O serviço é operado a partir de centros de operações de segurança (SOC), com monitoramento contínuo, 24 horas por dia, sete dias por semana. A estrutura combina especialistas, processos padronizados e automação para filtrar alertas, executar ações de contenção e reduzir a dependência de análises manuais — um dos principais gargalos enfrentados por equipes internas de TI.
Além da resposta imediata, a automação também contribui para evitar a recorrência de incidentes. Ao identificar padrões de ataque, ações de contenção passam a ser acionadas automaticamente, reduzindo o tempo entre detecção e resposta e liberando os times internos para decisões de maior impacto estratégico.
Um exemplo dessa abordagem envolve uma multinacional com cerca de 700 colaboradores e operações em diferentes países. A empresa lidava diariamente com um grande volume de alertas e contava com uma equipe interna de segurança reduzida. O uso simultâneo de múltiplas ferramentas e fornecedores dificultava a priorização de incidentes e aumentava o risco de ameaças passarem despercebidas.
Com a adoção do xMDR, todos os alertas passaram a ser tratados, com índice de falsos positivos inferior a 2%. A automação reduziu em 98,3% o esforço manual dos analistas, permitindo que a equipe interna se concentrasse em decisões estratégicas. A implantação foi concluída em menos de um mês e apoiou o processo de certificação ENS (nível médio), sem registro de não conformidades.
Em um período de seis meses, mais de 120 mil alertas foram tratados pela plataforma, com tempo médio de detecção reduzido para 2,5 minutos e taxa de falsos positivos próxima de 1%.
Para Catarina, falar em resiliência cibernética significa reconhecer que os ataques não são mais exceção, mas parte do ambiente operacional das empresas. Nesse contexto, a discussão deixa de se concentrar apenas na prevenção e passa a envolver a capacidade de reagir com rapidez, minimizar impactos e manter a continuidade do negócio mesmo sob pressão.

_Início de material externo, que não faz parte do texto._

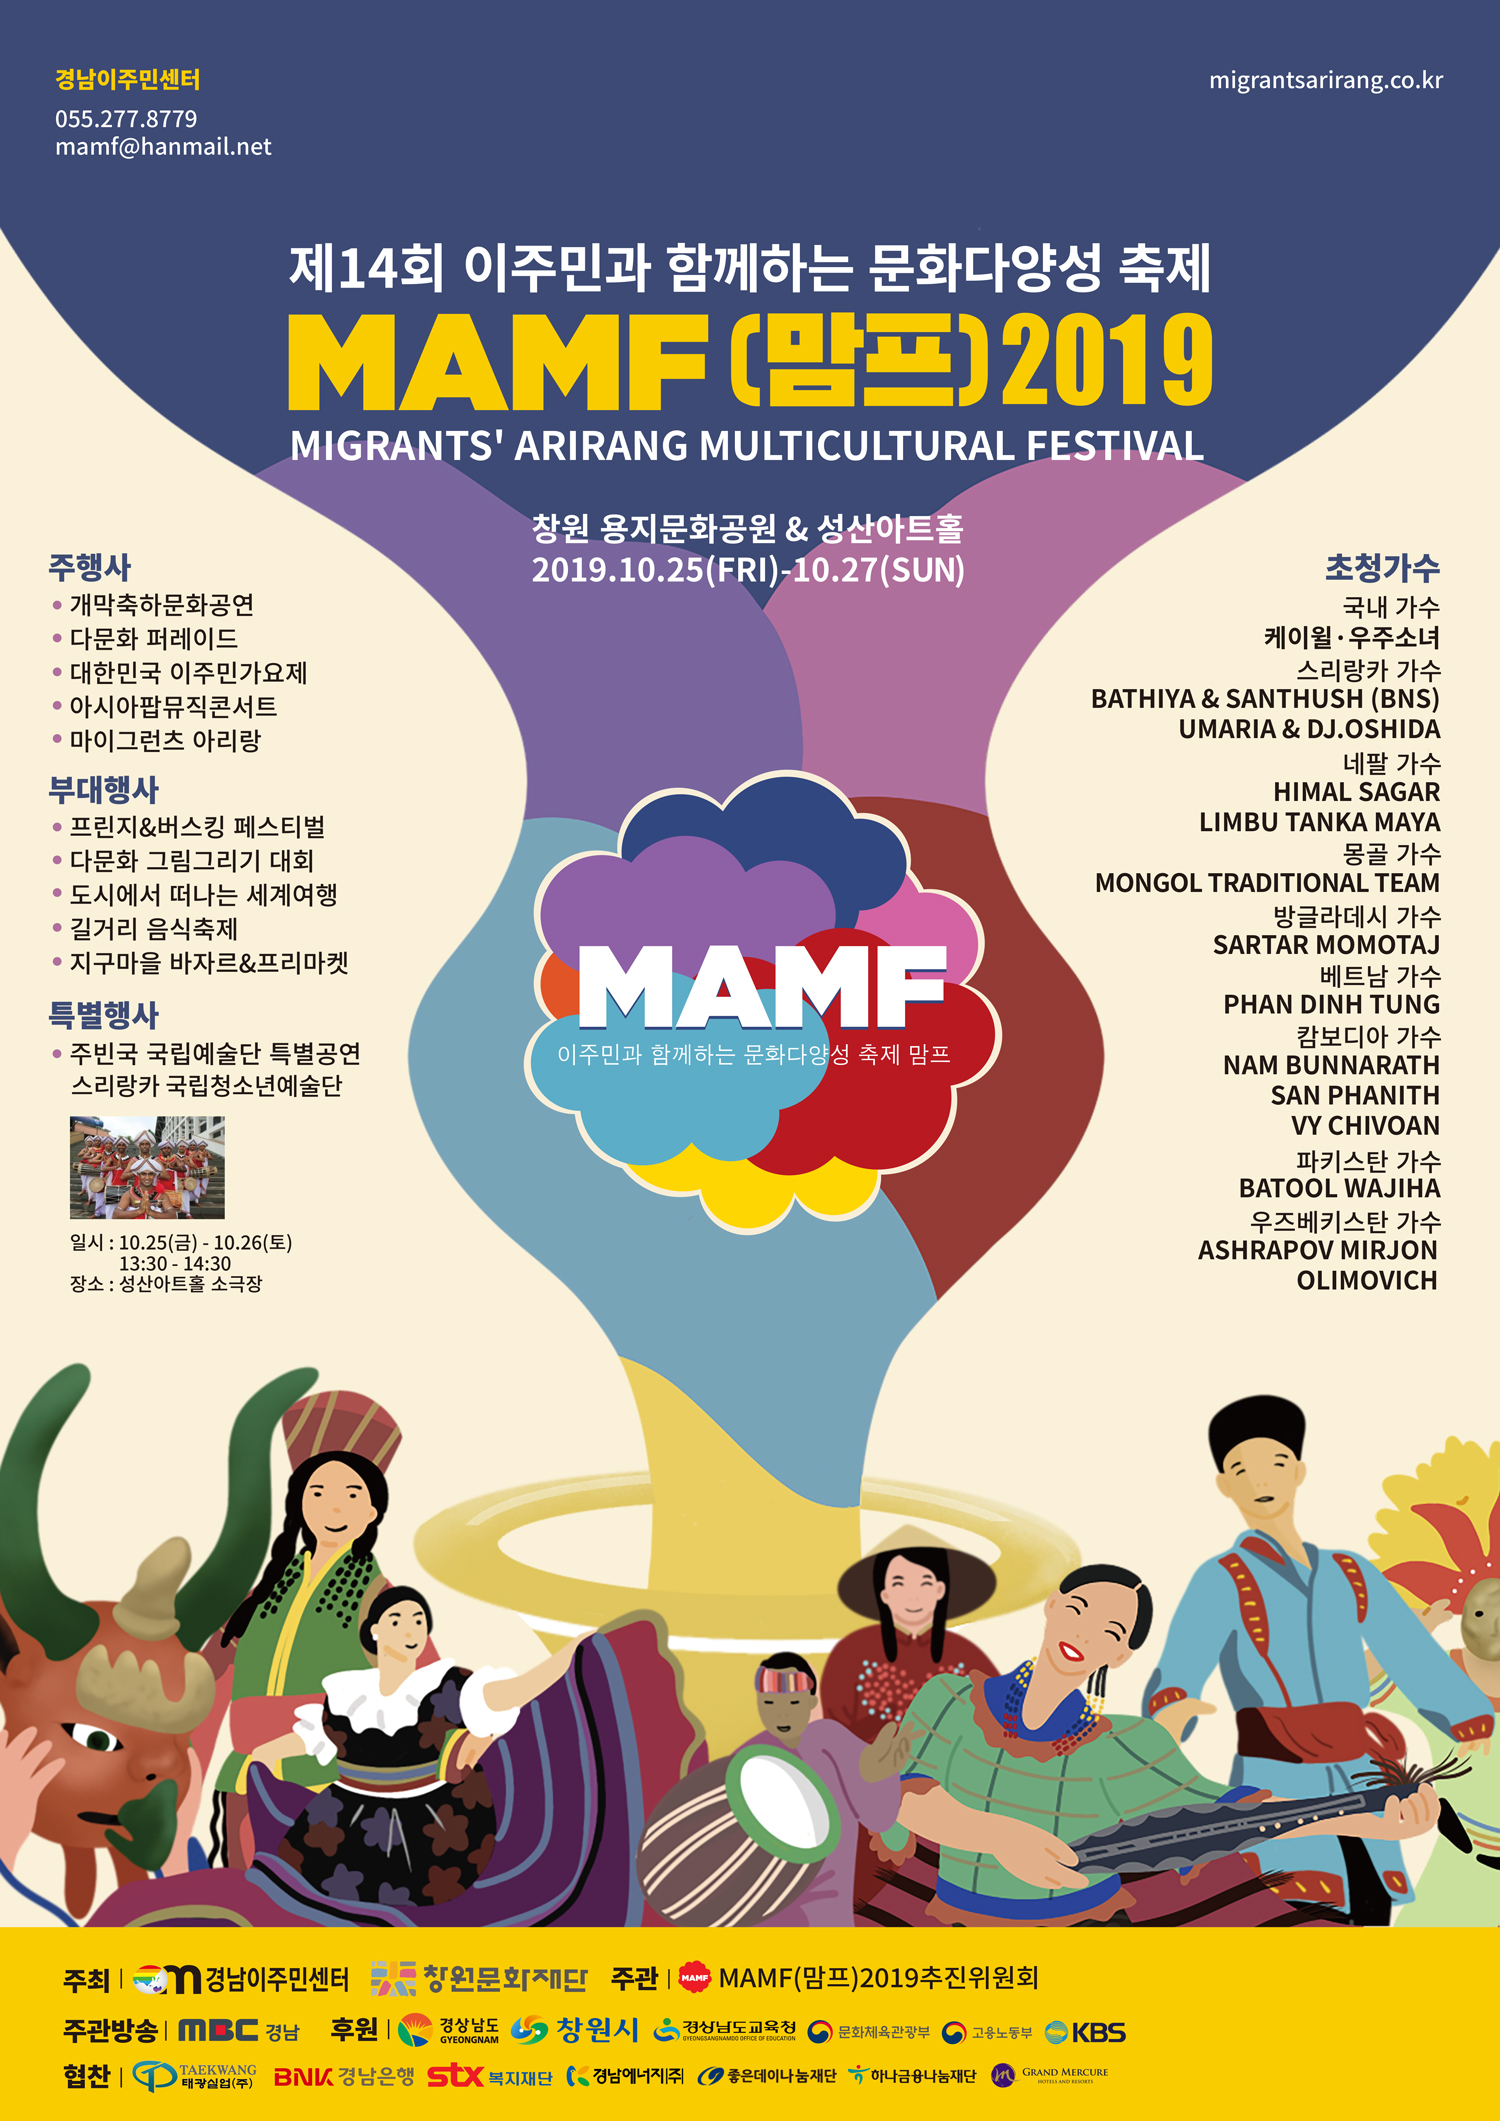 「이주민과 함꼐하는 문화다양성축제 MAMF(맘프) 2019」 안내 1

“A segurança deixou de ser apenas um tema técnico. Ela passou a fazer parte da estratégia de crescimento e da confiança do negócio”, afirma a executiva. Segundo ela, à medida que a digitalização avança e os ambientes se tornam mais complexos, a maturidade em segurança tende a se tornar um diferencial competitivo, não apenas para proteger ativos, mas para sustentar decisões, relações comerciais e a própria reputação das organizações.